One of the things we haven’t mentioned yet is it increases your own natural oxytocin. Oxytocin is sometimes called the love hormone. It’s also the hormone that helps facilitate labor contractions. So there is research that shows that the presence of a doula, their care, their concern, their eye contact, when they hold your hand, when they rub your back, that increases your oxytocin and helps labor move more quickly, which we’ve talked about is an outcome as well.  They also are experts in helping you increase your mobility. So you’re going to be moving around or changing positions. Doulas are constantly improving their education and their skills on the movements that help facilitate labor, depending upon which position the baby is in. They increase your self-esteem, they help decrease your pain and they help decrease your anxiety. So, all of these things can help shorten labor. They decrease your need for pain medication. So you’re having fewer interventions that can slow down labor as well. And as a result, you don’t need extra interventions to speed up labor. You’re less likely to need Pitocin, for example, because you’re less likely to need an epidural and because you’re moving around and you have higher oxytocin levels. So there’s all of these things that kind of combine together to lead to a decreased risk of cesarean, better outcomes for the baby because labor has gone more smoothly and with less interventions.
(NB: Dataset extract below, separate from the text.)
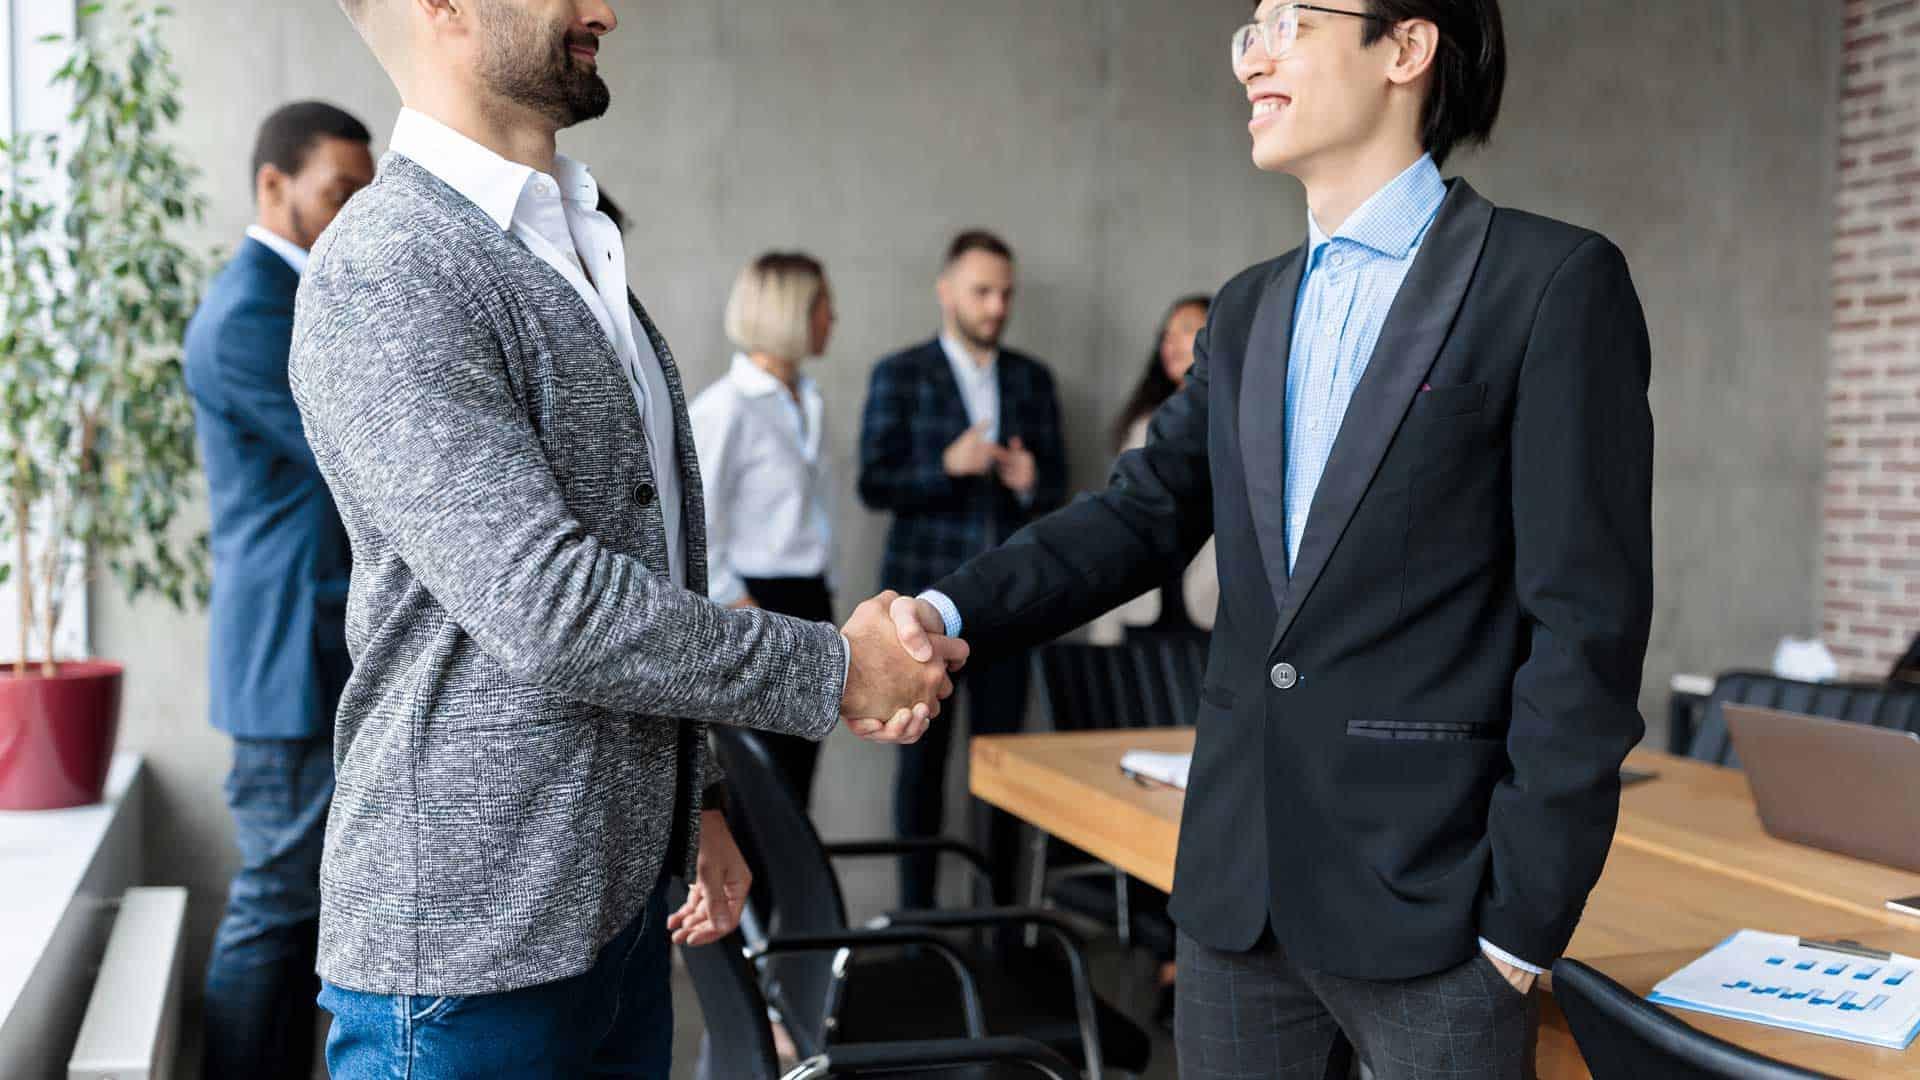 Marco Principi Coaching Podcast Tips La Negoziazione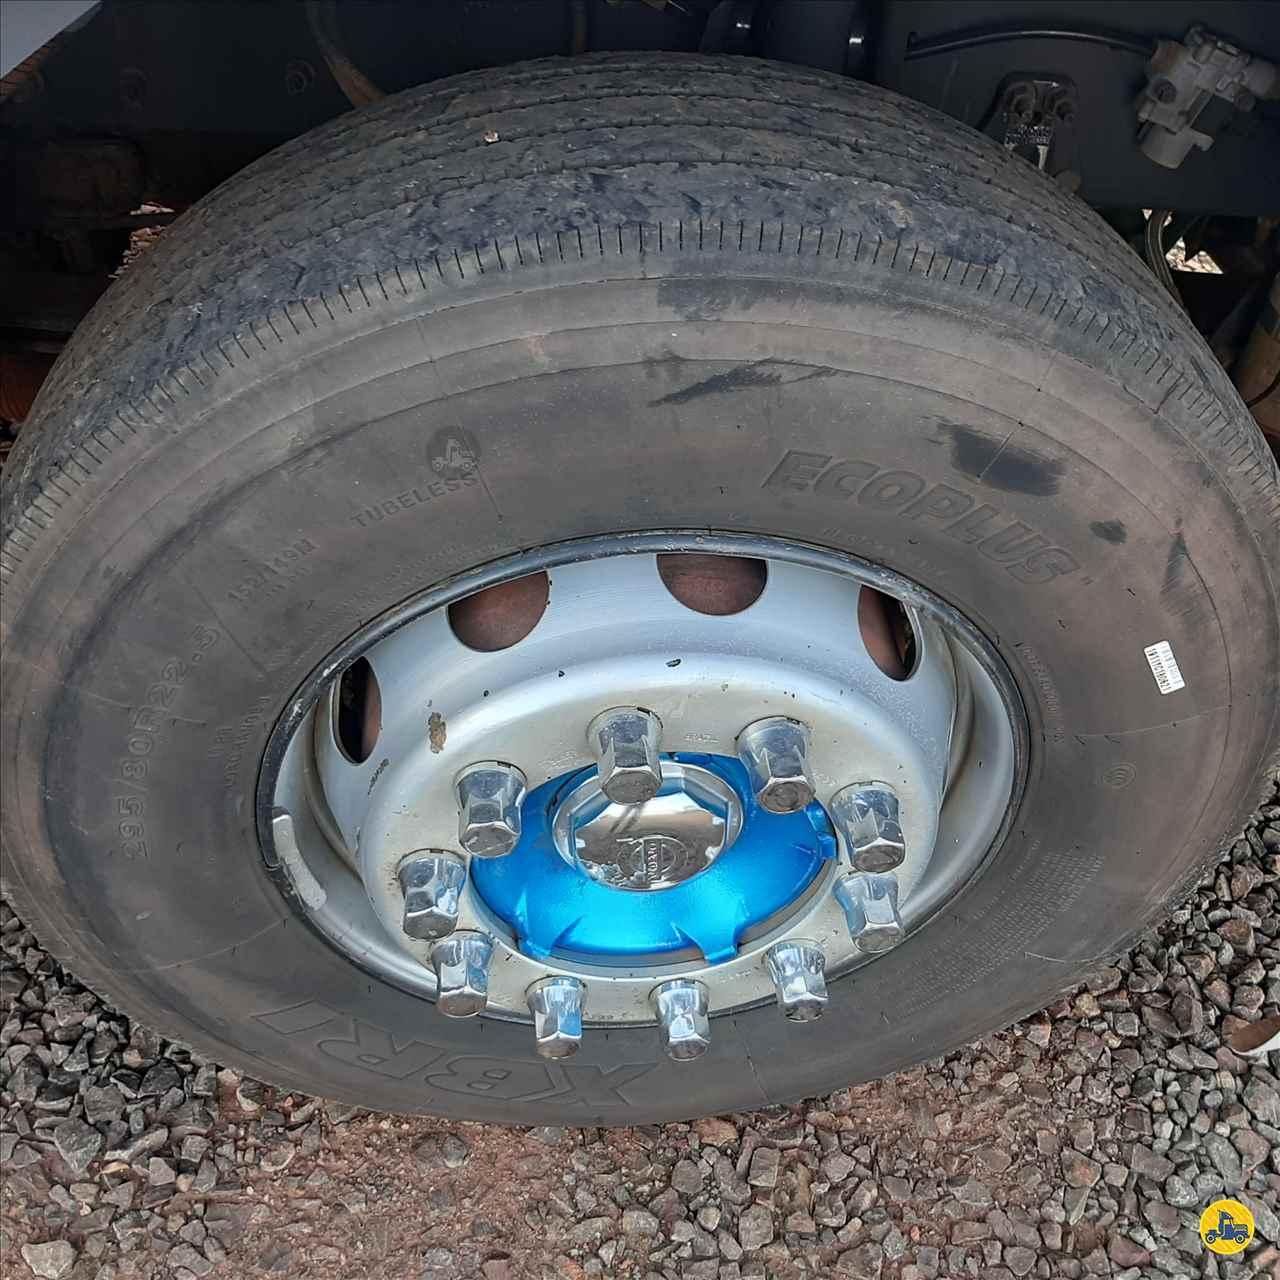 VOLVO VOLVO FH 460 963678km 2012/2012 Megatruck Caminhões e Máquinas

And in the end, you have higher satisfaction as well, not only because of all of these medical factors, but because you felt cared for the whole time. So I think it’s really interesting. You know, we talk about sometimes people think the word intervention has bad connotations, but in the world of research and intervention just means you are intervening. And in this case, we are intervening by putting a skilled, trained person there to care for you and to center your needs, who also has a lot of knowledge about the process of birth. And I think it’s really cool that it’s such a complex thing. Like a human being can be an intervention. You know, you bring this one person onto your team and they do all of these things to influence your birth. I just, I just think it’s incredible. And I have so much respect for the doulas out there who do this work. It’s not an easy job and they bring them their whole selves to these births. They really are using their self as a therapeutic intervention, which is just really cool how human beings can be so effective.

Sara Ailshire:
No, it’s amazing. And again, I think this speaks while it changes through time. You know, humans have just a long history of supporting each other in birth and we do it cross-culturally and cross time. And maybe we come up with new ways or different labels for it. But I always really appreciate that, you know, it kind of puts us it connects us together in such a important way and we can appreciate it in all these different contexts including appreciating it through a research lens and seeing what we know this feels good but like how what is it going on. So it’s really cool that we can experience these benefits and experience knowing about them all across the board.

Dr. Rebecca Dekker:
Yeah. And I think for so long, people didn’t understand the importance of labor support and the complexities of what a doula or labor companion can bring to birth. So hopefully this article can continue to shed light on the importance of meeting these needs. And I was curious, Sara, is there any other new research findings you want to highlight about the benefits of doulas or the roles that they play?

Sara Ailshire:
Yeah, absolutely. So as we were digging into the more recent research, because there hasn’t been a big, like, you know, randomized controlled trial or like Cochrane review in a while, we had an opportunity to kind of take a look at like, different more recent research around the benefits of doulas, particularly for supporting birthing people of color in the LGBTQ+ community.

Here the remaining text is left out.